Guess what? When that prospect asked, “How big is your company?”
the real question was:

“Will you be able to handle an 11-state distribution schedule?

As it happens, you can handle an 11-state distribution schedule. But the answer your company taught you to repeat during your onboarding sessions only mentions three states. And that was enough (non)information for this prospect to tune you out … without telling you why.

In most cases, and especially in the early going, you have to assume that every question you hear from a prospect is a smokescreen question. So the question, “How soon can you get a shipment to us?” may mean, “Can you get a shipment to us by 10:30 Thursday morning?” The question, “How strict are you with quantity discounts?” may mean, “Can I take advantage of the quantity discount and arrange for a 14-day split-shipment?

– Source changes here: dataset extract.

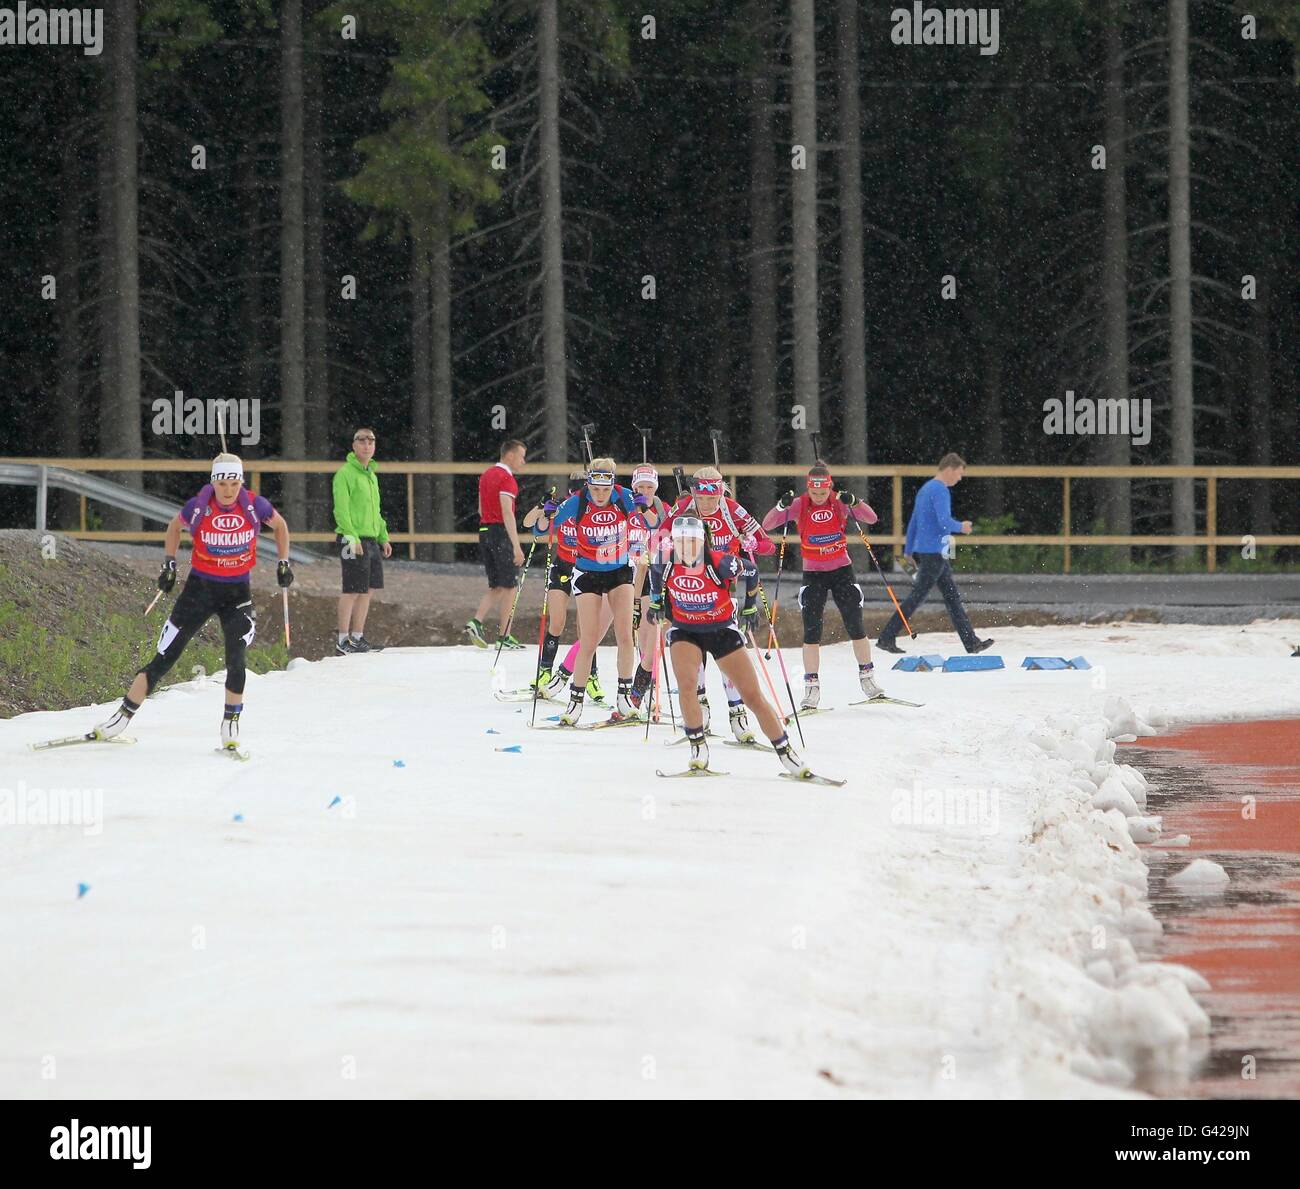 Imatra, Finland. 17th June, 2016. Skiers compete during a biathlon event in Imatra, Finland, on June 17, 2016. The some 500 meters long skiing track was made of last winter's natural snow. Eight skiers from Finland, Russia and Italy took part in the competition. © Li Jizhi/Xinhua/Alamy Live News Stock Photo

If you make a habit of answering the first question you hear, you’ll never understand the real question!

You must discover why the prospect asked the question you just heard. You must identify the underlying intent. If you don’t know the intent — the importance and true relevance of the question to the topic of discussion — you can’t respond intelligently.

How do you identify the intent? By Reversing.

Reversing is the strategy of responding to your prospect’s questions and statements with a question. It puts the verbal “ball” back in the prospect’s court.

Reversing prevents you from attempting to mind-read. It adds clarity and completeness to the prospect’s smokescreen questions and statements. It helps you uncover the underlying intent of those questions and statements.

Some Reversing questions include:

  • Why do you ask?
  • Why is that important?
  • What are you hoping I’ll tell you?
  • Why did you bring that up just now?
  • What are you really asking?
  • What are you really saying?

Reversing must be done with caution. Firing back with questions in response to the prospect’s questions may sound harsh. So, in most cases, you will want to precede your questions with softening statements.

  • That’s a good question. And, you’re asking me that because…?
  • I’m glad you asked me that. What are you hoping I’ll tell you?
  • Many people ask me that. And that’s important to you because…?
  • That’s an interesting question. Why do you ask? (What brought that up?)
  • Good point. And, you brought that up now because…?
  • I appreciate you sharing that. I can’t help wondering, what are you really saying?

It often takes three or more Reverses to get to the prospect’s real question. In this case, if you’d asked effective Reversing questions, you could have gotten to the prospect’s true question and confirmed that an 11-state rollout was no problem. And you’d still be in the game.

By making better decisions about which questions you answer directly and which you Reverse, you can increase the quality of the information you uncover during discussions with prospects, get behind the smokescreen and close more sales.